The definition of hypertension in term and preterm neonates has not been standardized. In this age group the blood pressure increases with both gestational and postconceptual age, as well as birth weight [7]. The upper limit for normal blood pressure has been defined as the 95th percentile for age, gender and height [8]. The approach for evaluating neonates with hypertension starts with a focused history, inquiring about any perinatal exposures, current medical conditions and medication as well as procedures undergone such as umbilical artery catheterization. The clinical presentation of hypertension in this age group may vary from incidental isolated elevated blood pressure detection to manifestations of cardiac failure. The initial diagnostic work-up is directed toward identifying secondary causes of hypertension, especially renal and cardiac etiologies. Included in the evaluation are urinalysis, a complete blood count, electrolytes, blood urea nitrogen, creatinine, chest radiograph, renal US and echocardiogram [2, 7].

In our patient, the work-up done for the evaluation of hypertension led us to consider a renovascular cause, which was indicated by his very high plasma renin and aldosterone levels. Although renal US is commonly used in the evaluation of such patients to asses the anatomy, it is not a very reliable test in detecting renovascular causes of hypertension in neonates. Therefore, we elected to perform MRI/MRA as a non-invasive technique to assess the renal vessels looking for a treatable cause of his hypertension.

It is widely accepted that the gold standard for diagnosing renovascular disease is conventional renal arteriography. However, it is an invasive procedure and usually used in older patients. In comparison to conventional arteriogram, MRI/MRA is a less-invasive yet reliable means of detecting renovascular disease in adults, and it is a well-established method for detecting main renal artery disease [3, 4]. According to the National High Blood Pressure Education Program Working Group on High Blood Pressure in Children and Adolescents, MRA is increasingly feasible for evaluation of pediatric renovascular disease; however, there are no neonatal guidelines in the report [8]. There is little literature on the use of MRI/MRA for the evaluation of renovascular disease in neonates. In one report of a neonate with hypertension and proteinuria, MRA detected main renal artery stenosis [5]. In another report, MRI was helpful in detecting a retroperitoneal hematoma causing renovascular hypertension in a 7-week-old infant [6].

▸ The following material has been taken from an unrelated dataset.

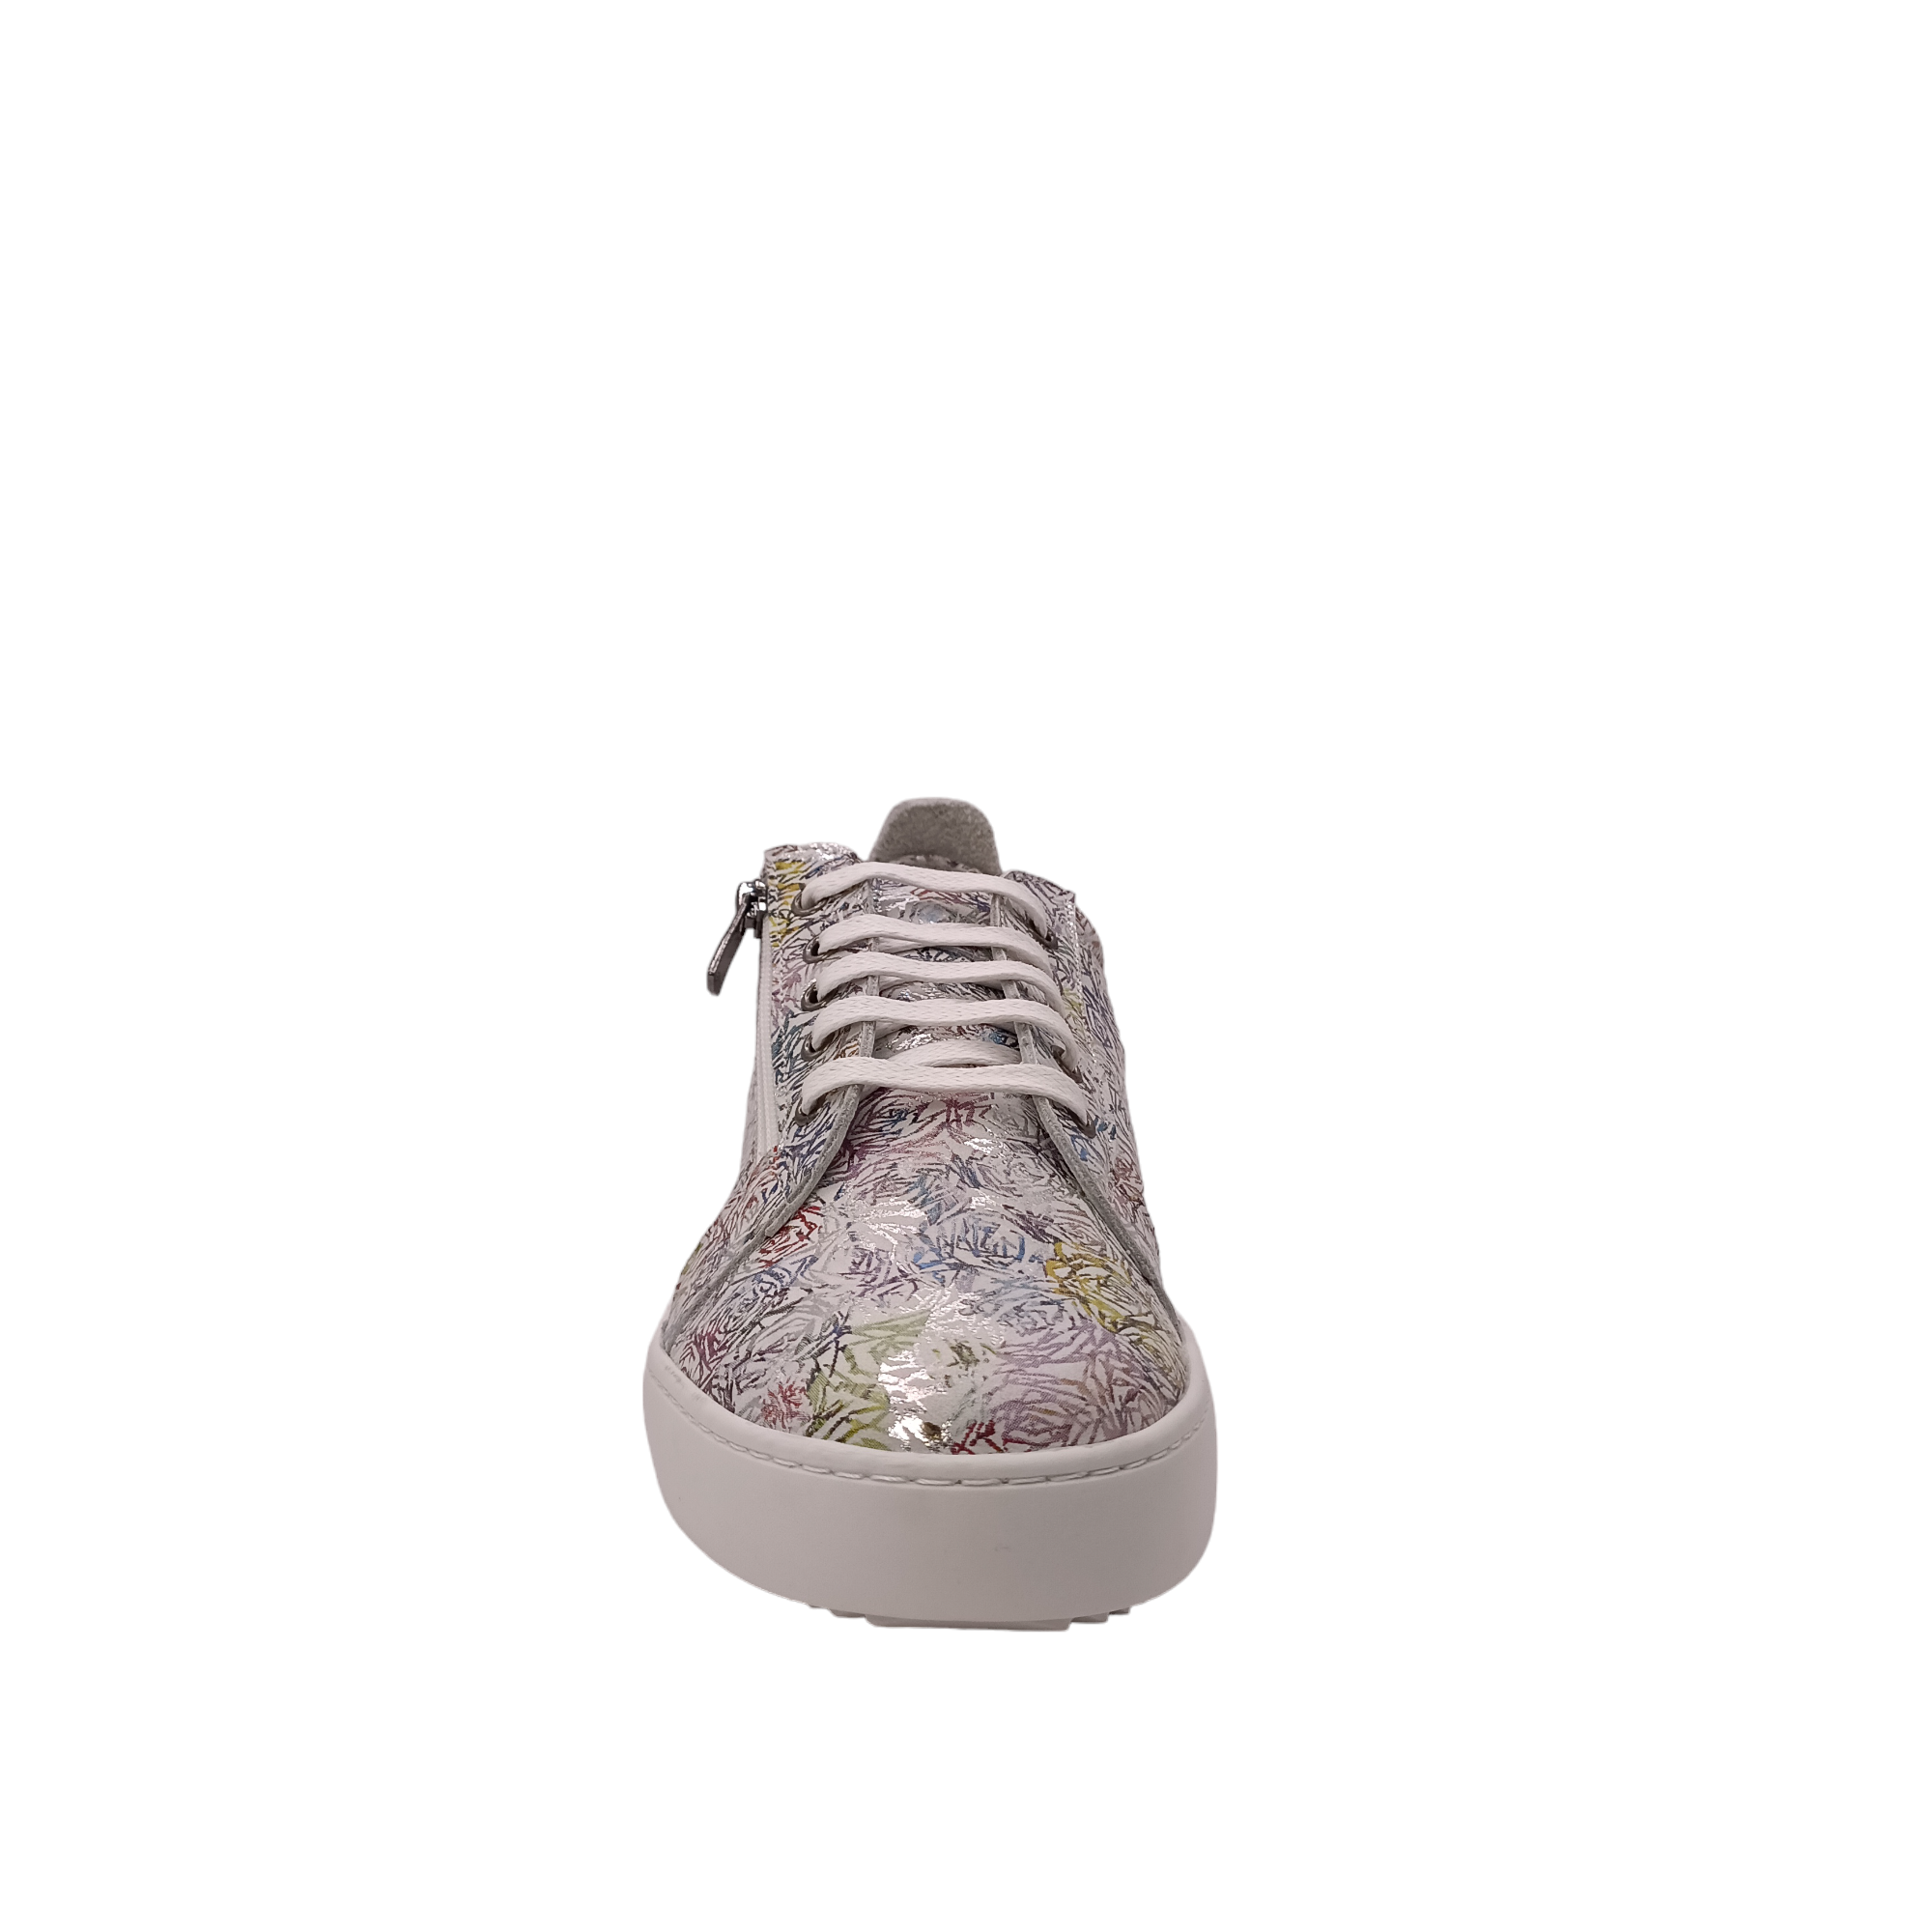 Side angle view of Tarzan Leather printed shoe with floral outlines, multi coloured print. White laces and sole. Shop Womens Rilassare Shoes Online and IN-store with shoe&me NZ

In our patient, the rapid dynamic post-gadolinium images showed hypoperfusion of the left lower pole, alluding to segmental renal artery stenosis (Fig. 1). Conventional renal arteriography showed long segment stenosis of the lower pole branch of the left renal artery (Fig. 2). The patient underwent partial nephrectomy of the lower pole of the left kidney with subsequent complete resolution of hypertension one week after surgery. In conclusion, with appropriate anesthetic support, MRI/MRA is a useful and feasible technique in evaluating neonates with severe hypertension. It was helpful in identifying a treatable cause of the neonatal hypertension in our patient. Further prospective studies comparable to those in adults are needed to validate this test in neonatal hypertension. In the future, MRI/MRA might become the test of choice when there is a high index of suspicion for renovascular disease in neonates.